- **Task brief**
Leave the pictures out. Retype exactly the lines below from the one containing "Barbie and Bratz dolls together Stock Photo" through the one containing "Snail in a Summer Garden 2 by Sergius", and no others.

- **Available data**
------------------------------------------------------------------------

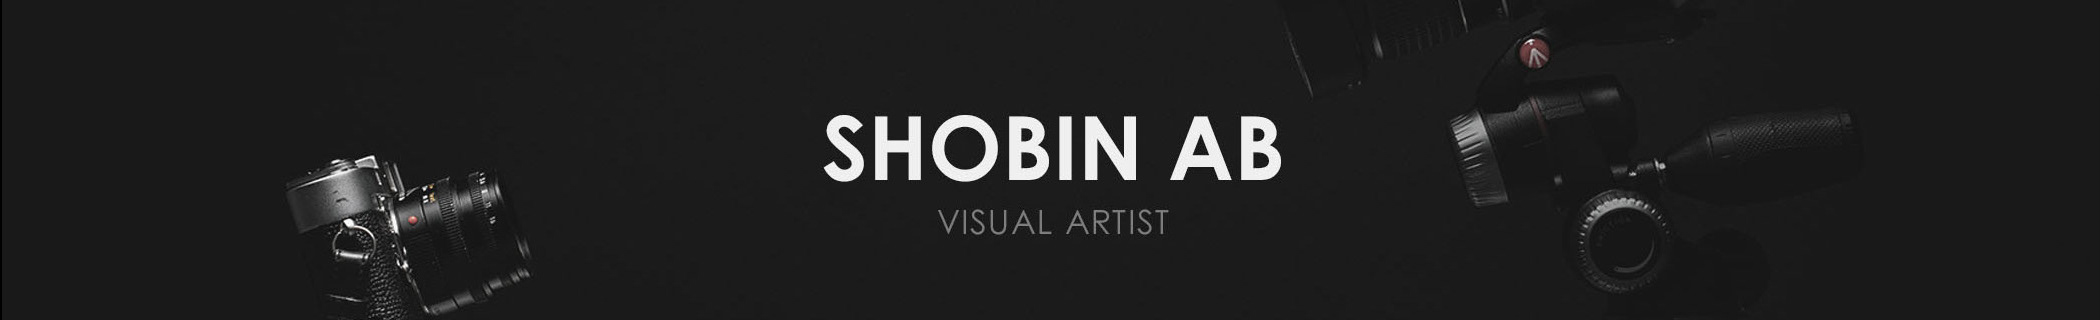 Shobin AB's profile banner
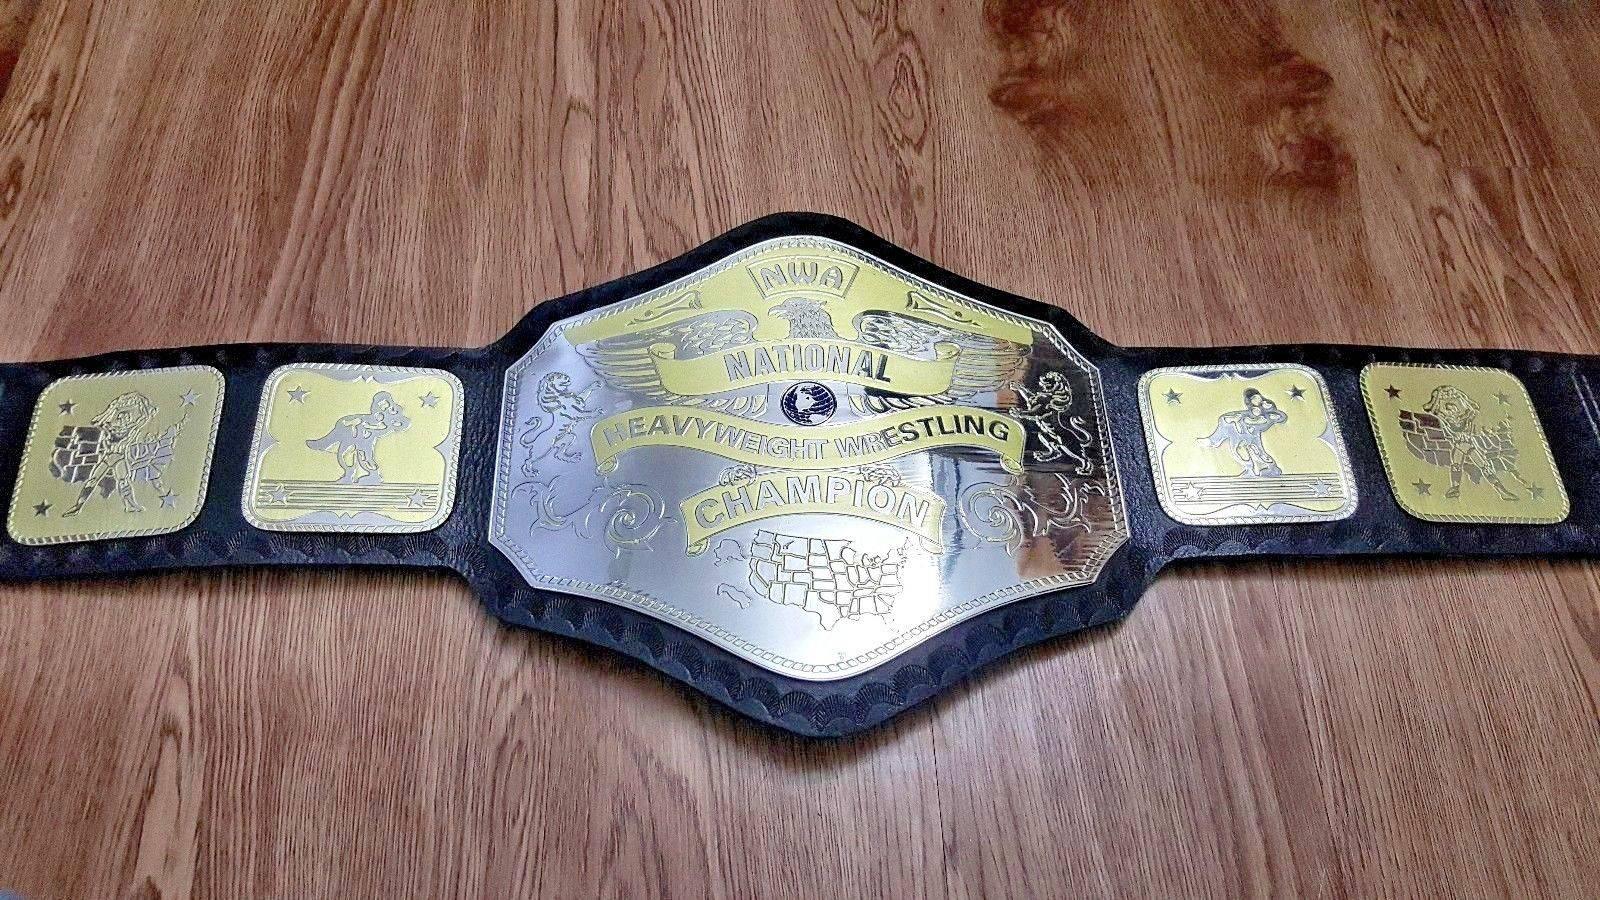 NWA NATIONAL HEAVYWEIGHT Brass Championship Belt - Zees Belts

------------------------------------------------------------------------

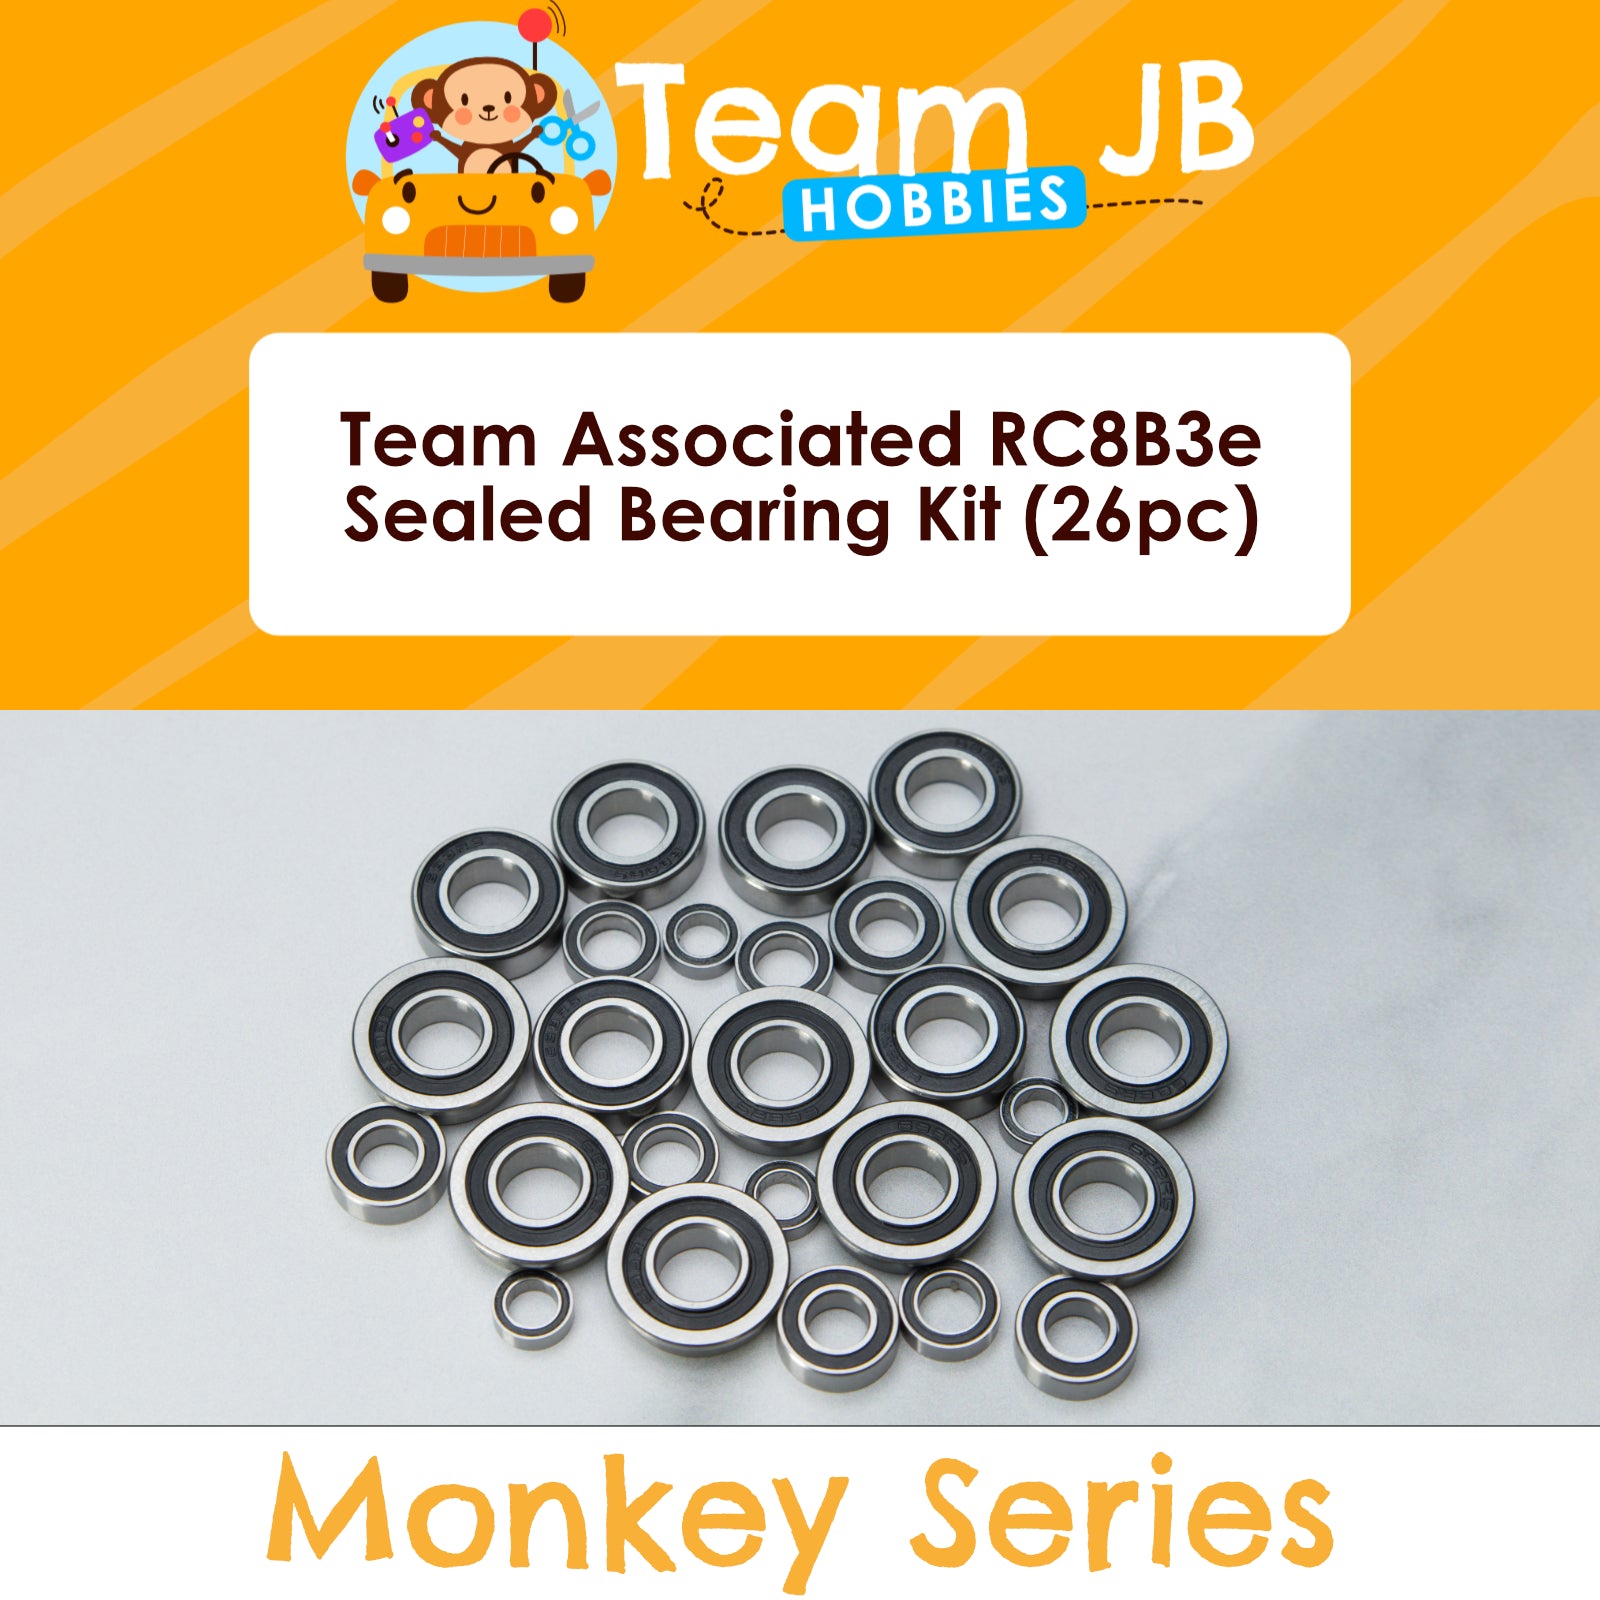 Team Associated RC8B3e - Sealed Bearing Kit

------------------------------------------------------------------------

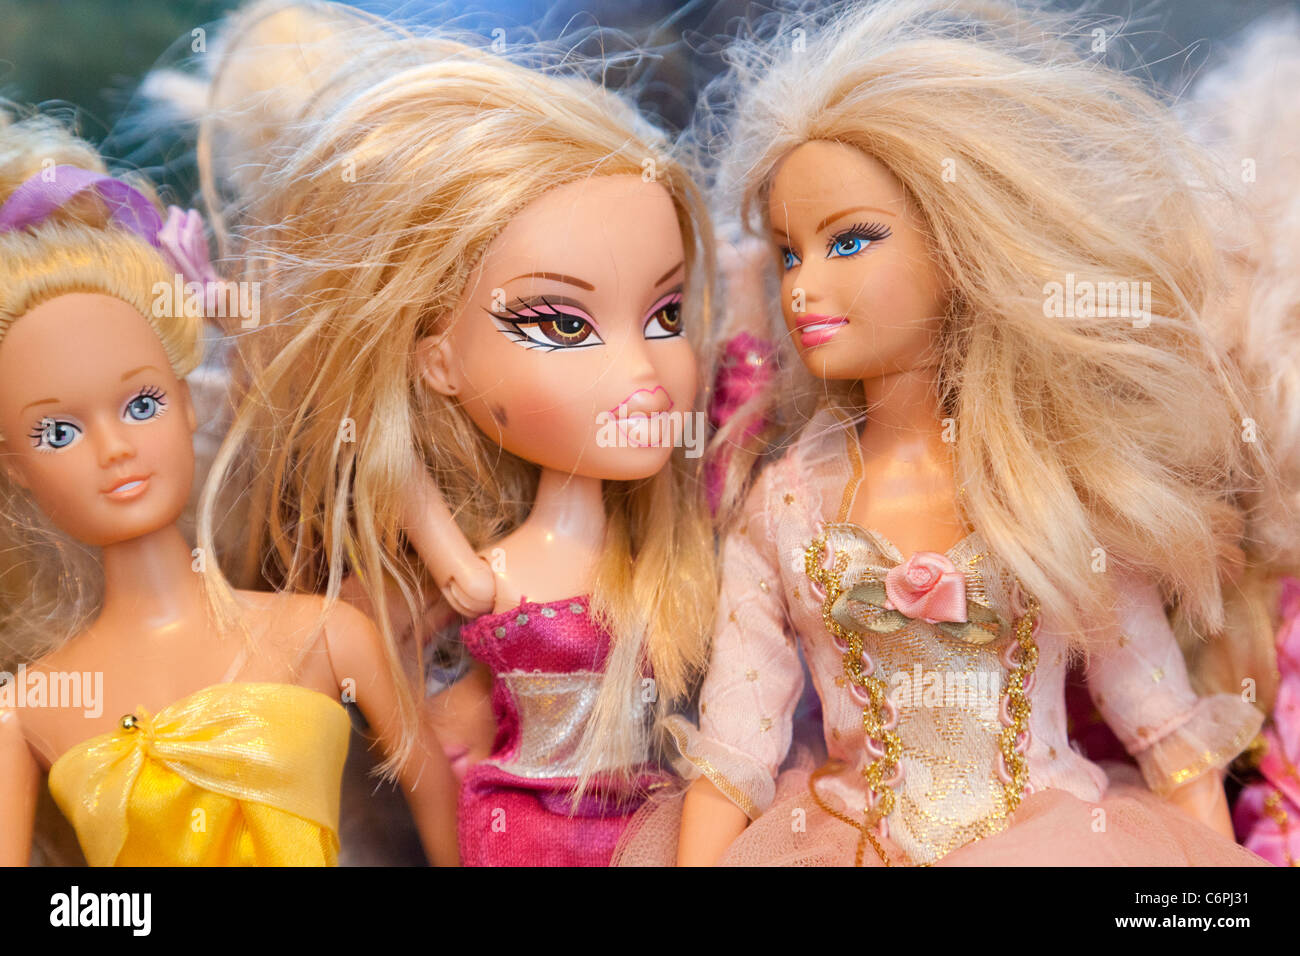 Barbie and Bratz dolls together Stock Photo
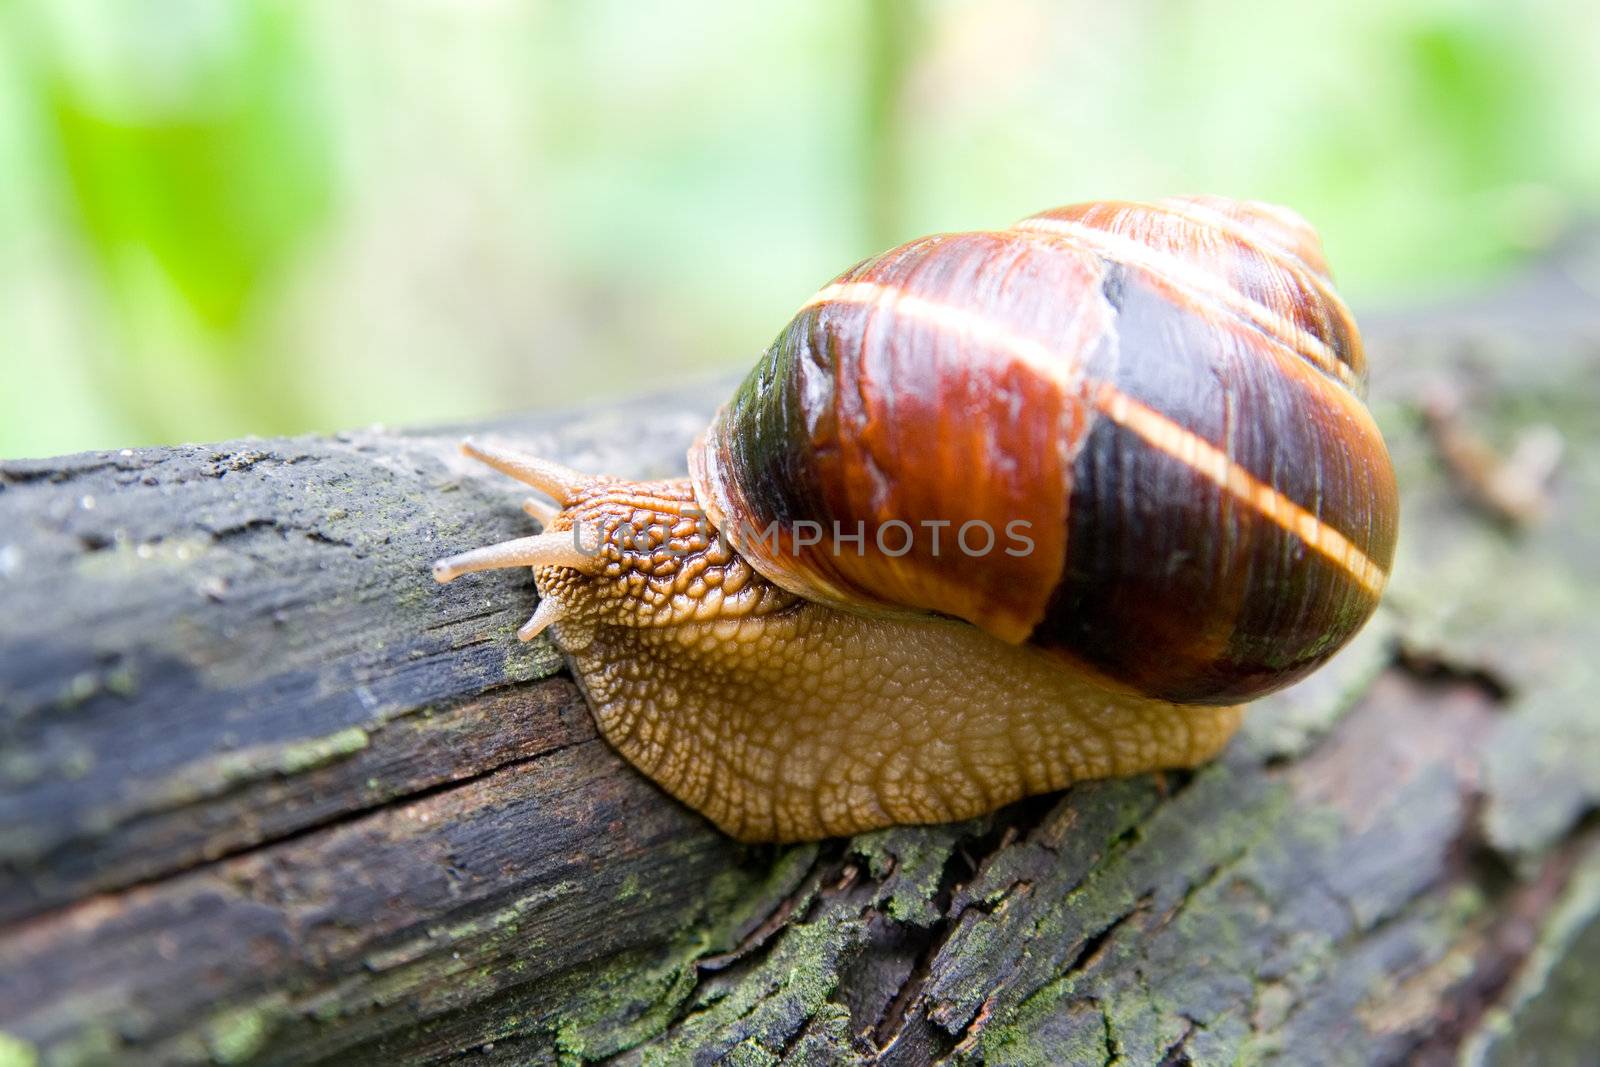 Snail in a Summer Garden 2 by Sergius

------------------------------------------------------------------------

- **Solved problem**
 Barbie and Bratz dolls together Stock Photo
 Snail in a Summer Garden 2 by Sergius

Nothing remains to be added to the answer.